● Data in this exercise
|---|

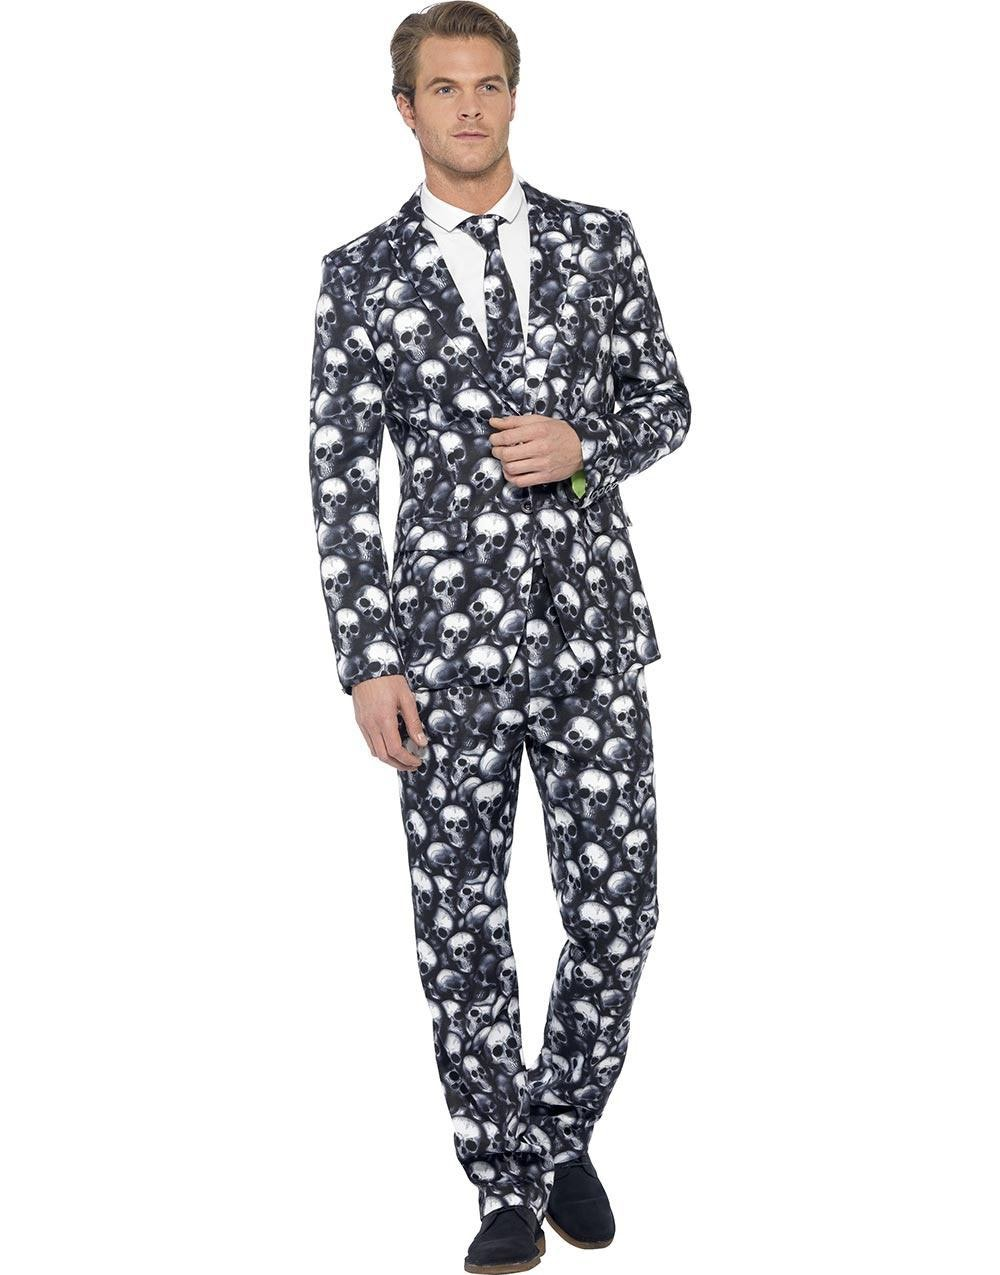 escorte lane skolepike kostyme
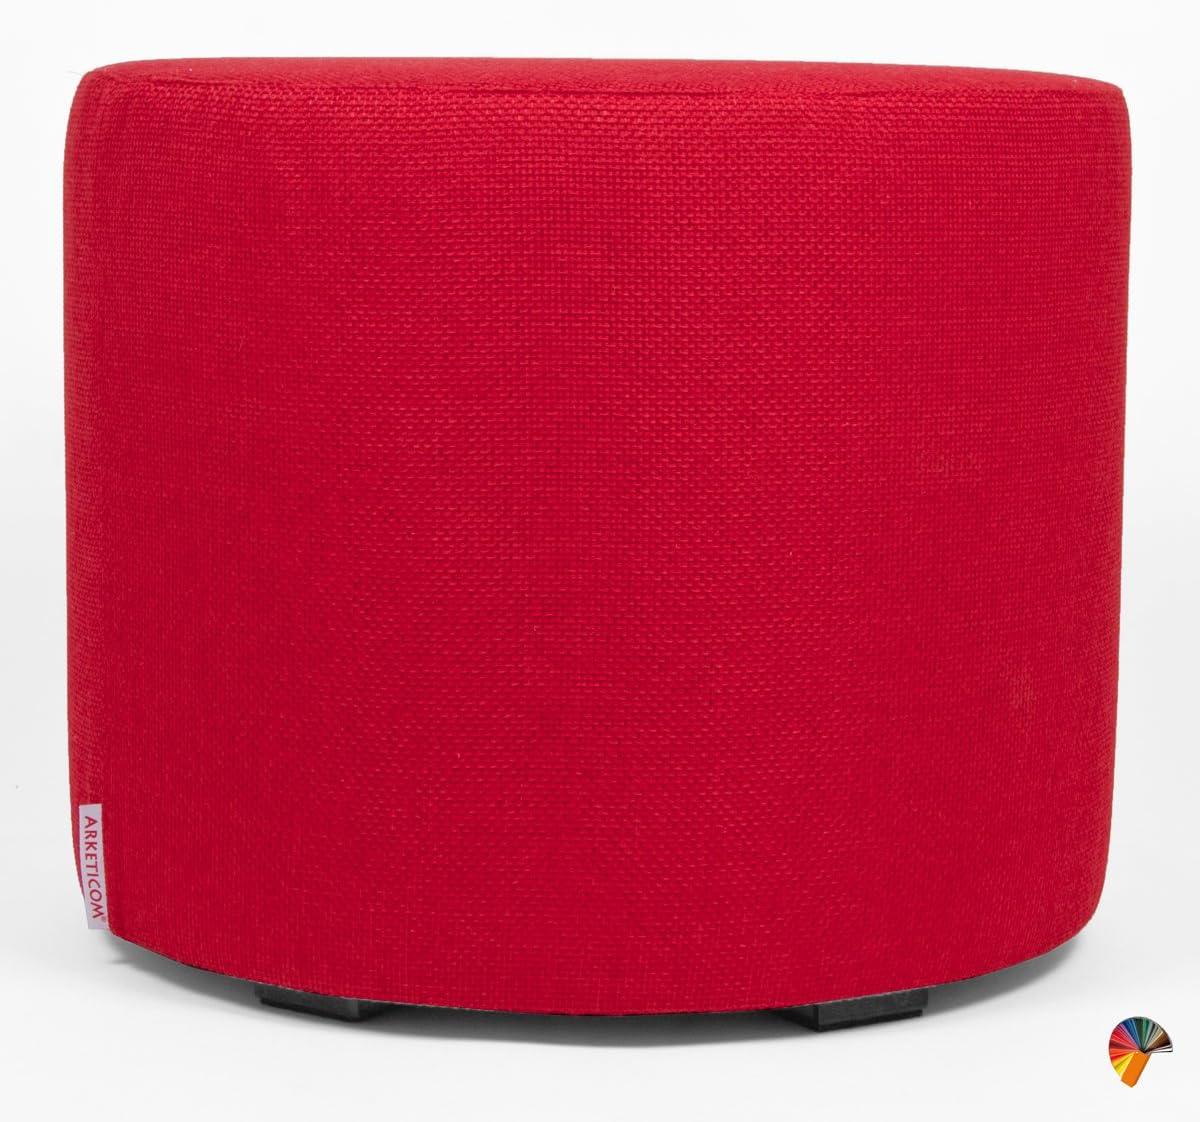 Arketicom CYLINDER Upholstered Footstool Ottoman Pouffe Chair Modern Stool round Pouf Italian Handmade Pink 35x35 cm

|---|

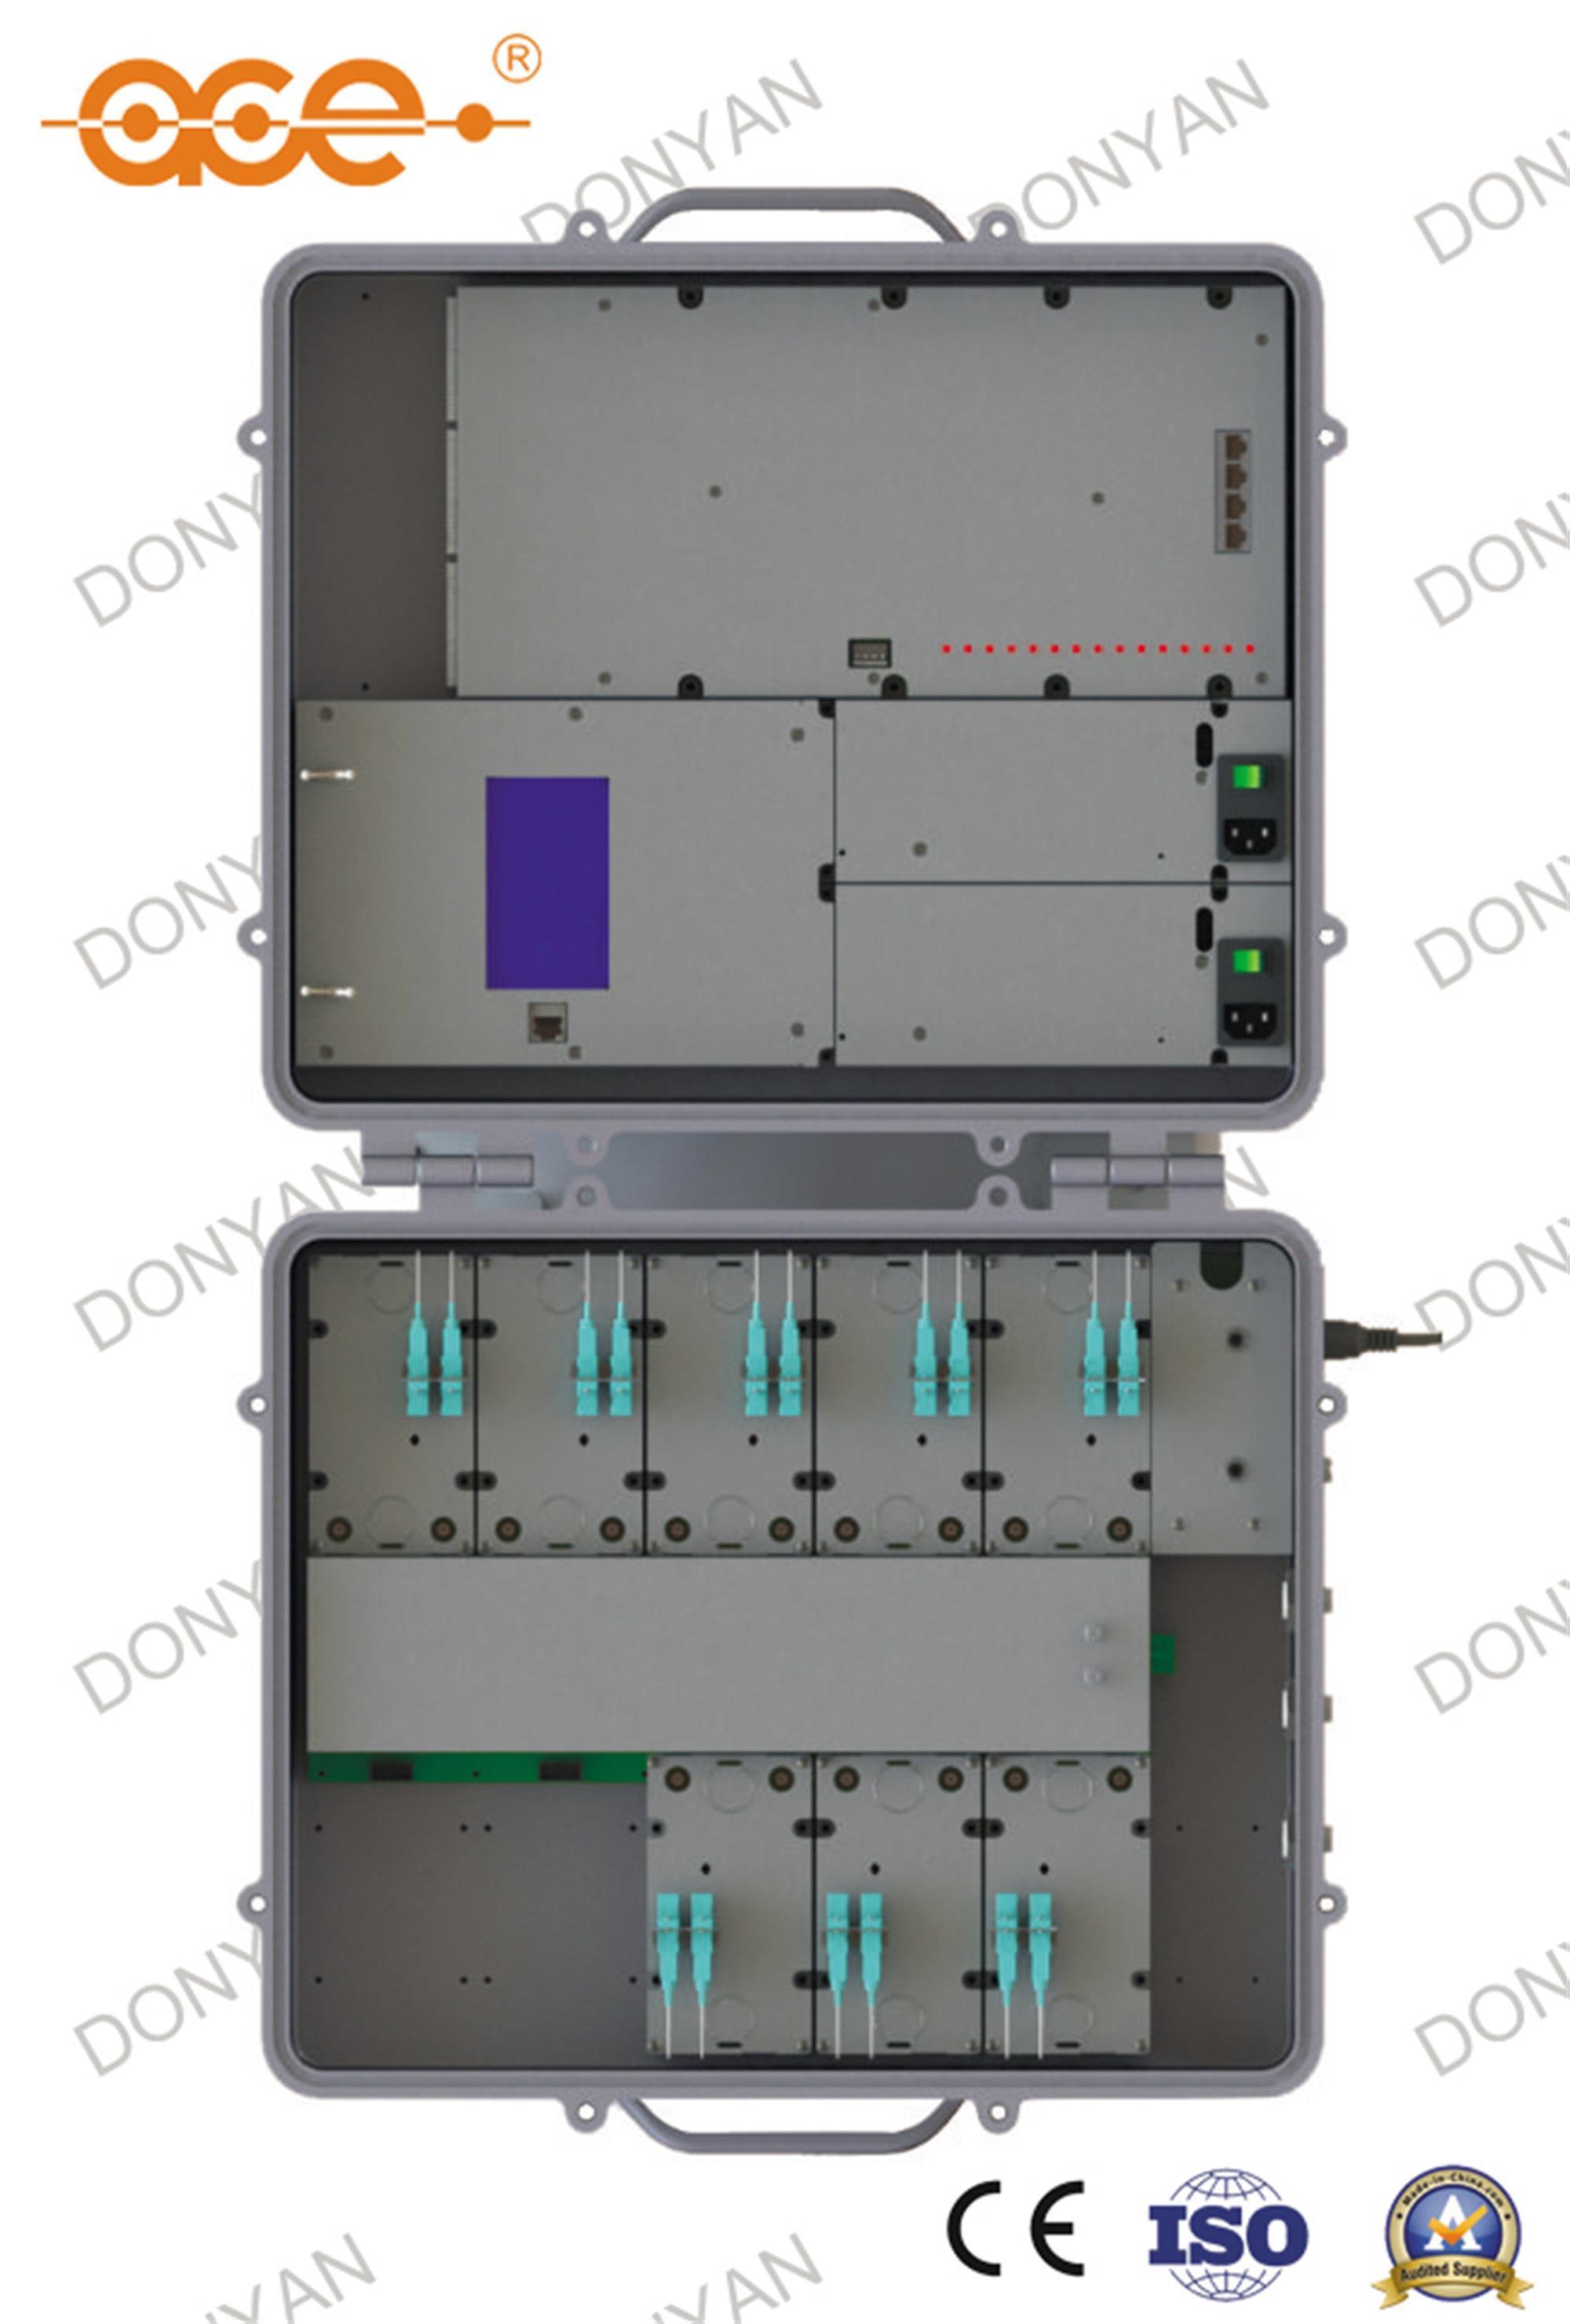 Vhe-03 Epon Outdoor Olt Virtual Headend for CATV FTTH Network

|---|

● To do
Restate word for word every line from the one with "escorte lane skolepike kostyme" up to and including the one with "Arketicom CYLINDER Upholstered" in the records above, minus the pictures.

● Exercise result
 escorte lane skolepike kostyme
 Arketicom CYLINDER Upholstered Footstool Ottoman Pouffe Chair Modern Stool round Pouf Italian Handmade Pink 35x35 cm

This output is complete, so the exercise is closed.